Requires a company to record the expenses it incurs to generate the revenue reported.
What is the Expense Recognition Principle (aka Matching Principle)?
Resources a company owns or controls that are expected to yield future benefits.
What are assets?
Reports a company’s revenues and expenses and the resulting net income or loss over a period of time.
What is the Income Statement?
Authoritative guidelines including concepts and rules that govern financial accounting practice.
What are Generally Accepted Accounting Principles (GAAP)?
Mathematical formula that depicts the relationship of assets, liabilities, and equity.
What is the Accounting Equation?
Assumes that the life of a company can be divided into time periods such as months and years and that useful reports can be prepared for those periods.
What is the time period-assumption (aka periodicity assumption)?
Creditor's claims on assets.
What are liabilities?
The financial statement with a structure that is similar to the accounting equation.
What is the Balance Sheet?
The private organization responsible for establishing the standards for financial accounting and reporting in the U.S.
What is the Financial Accounting Standards Board (FASB)?
Beliefs that distinguish right from wrong.
What are Ethics?
Requires a company to report the details behind its financial statements that would impact users’ decisions.
What is the Full-Disclosure Principle?
Owner's claims on assets.
What is Equity?
Identifies cash inflows (receipts) and cash outflows (payments) over a period of time.
What is the Statement of Cash Flows?
Procedures to protect assets, ensure reliable accounting, promote efficiency, and uphold company policies.

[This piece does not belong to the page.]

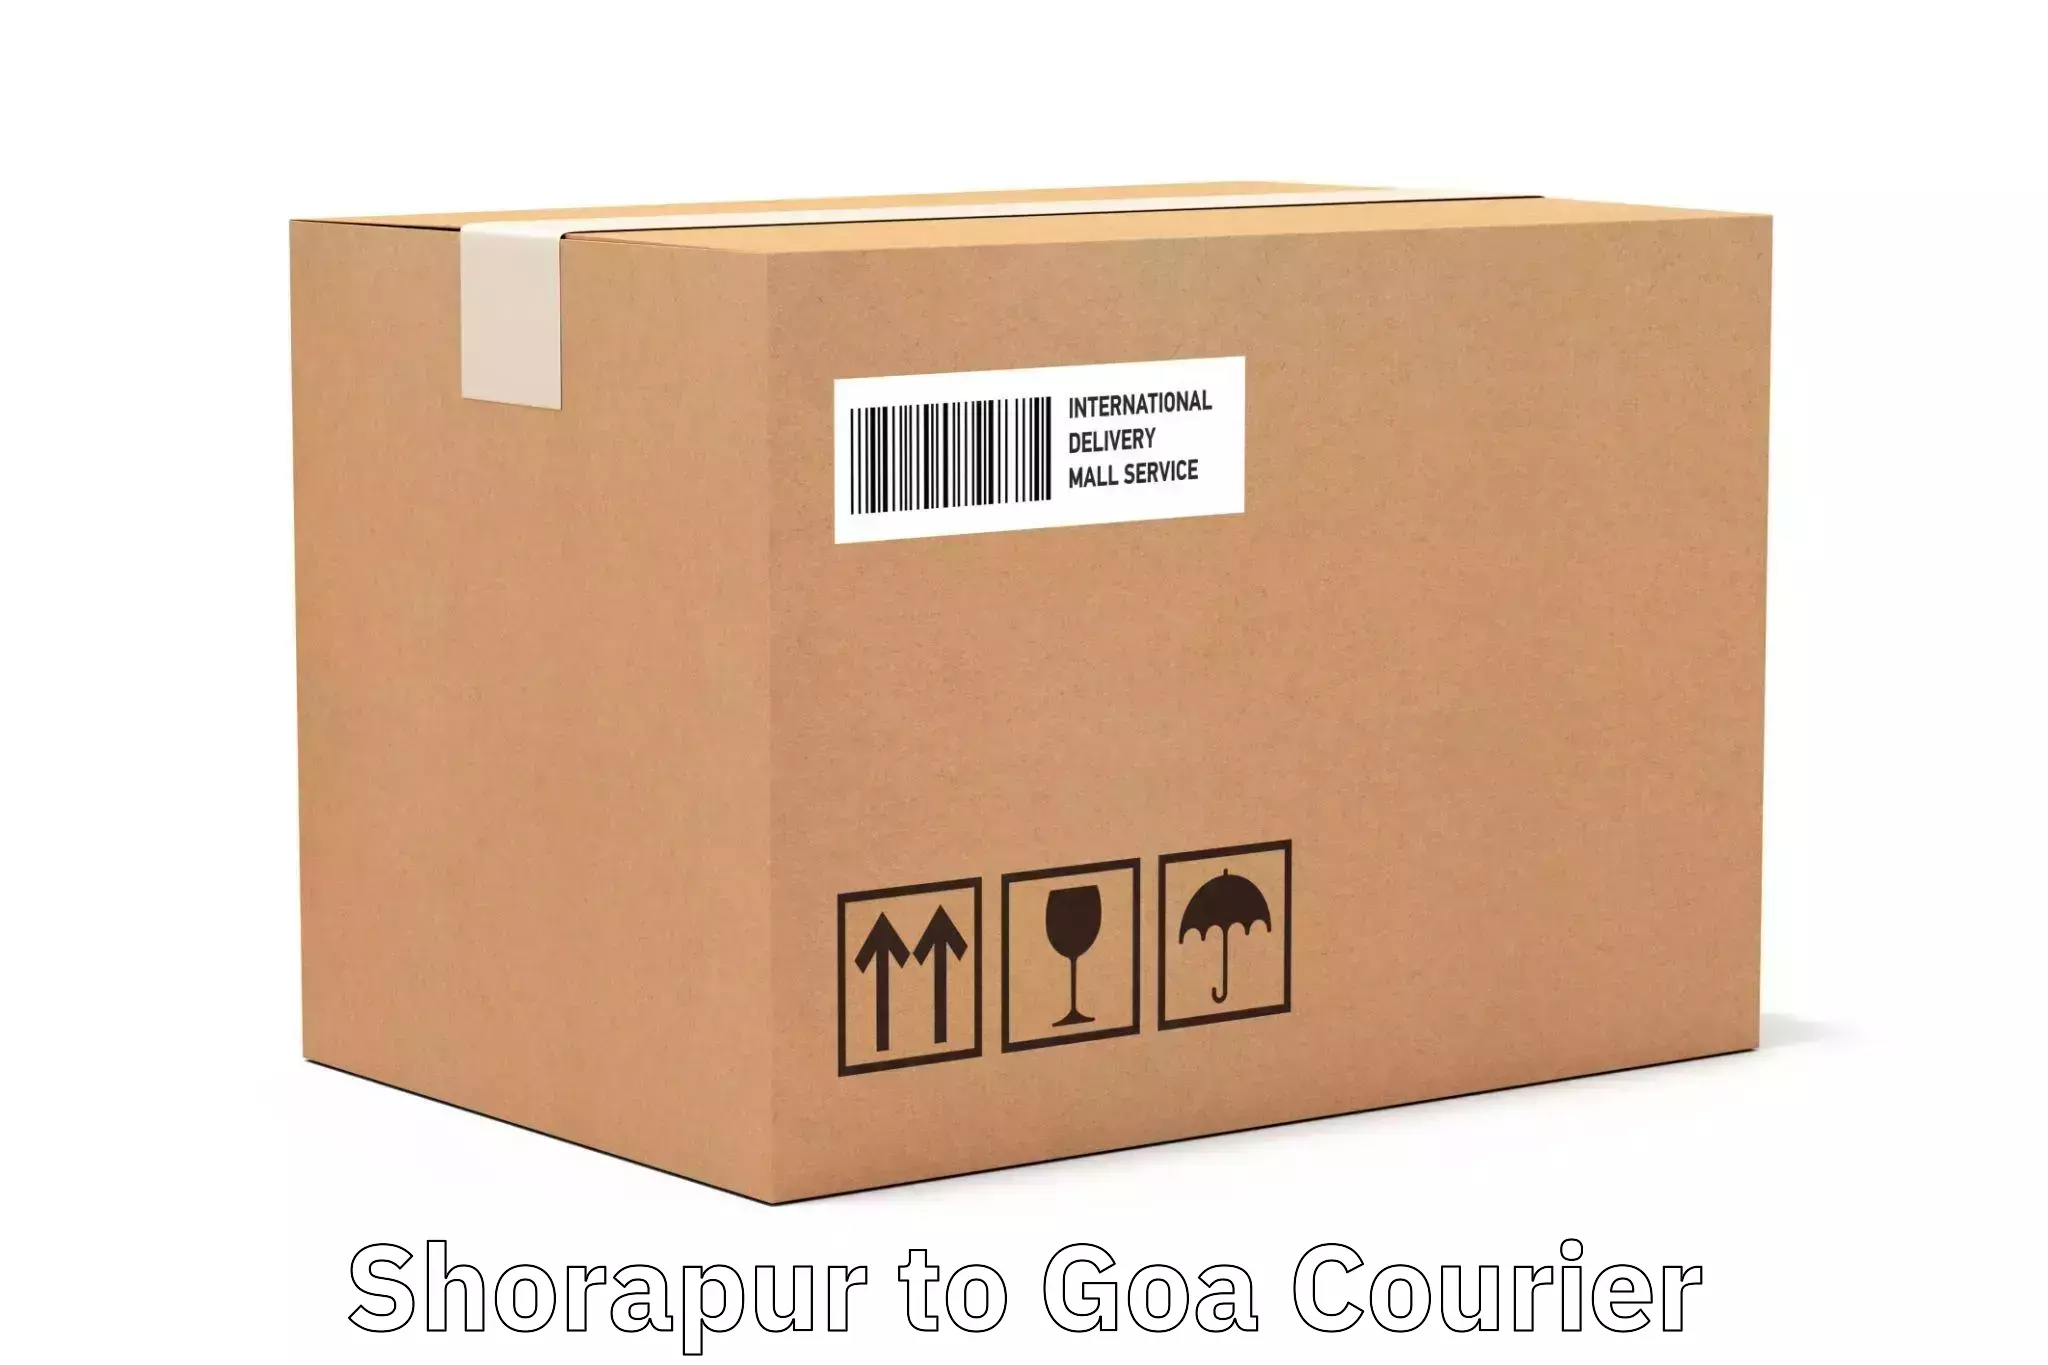 Optimized shipping routes Shorapur to Goa

What are internal controls?
The type of accounting concerned with providing useful financial information about a business to help EXTERNAL parties make informed decisions.
What is Financial Accounting?
Requires revenue to be recorded when goods and/or services are delivered to customers.
What is the Revenue Recognition Principle?
Decreases in equity from the cost of providing products and services to customers.
What are Expenses?
Reports changes in owner’s equity from net income (or loss) and from any owner contributions or withdrawals over a period of time.
What is the Statement of Owner's Equity?
The government body responsible for regulating the financial reporting practices of publicly traded companies in the U.S.
What is the Securities and Exchange Commission (SEC)?
A model for explaining the factors that cause someone to engage in fraudulent (i.e., unethical) behavior.
What is the Fraud Triangle?
Assumes that the business will continue operating instead of being closed or sold.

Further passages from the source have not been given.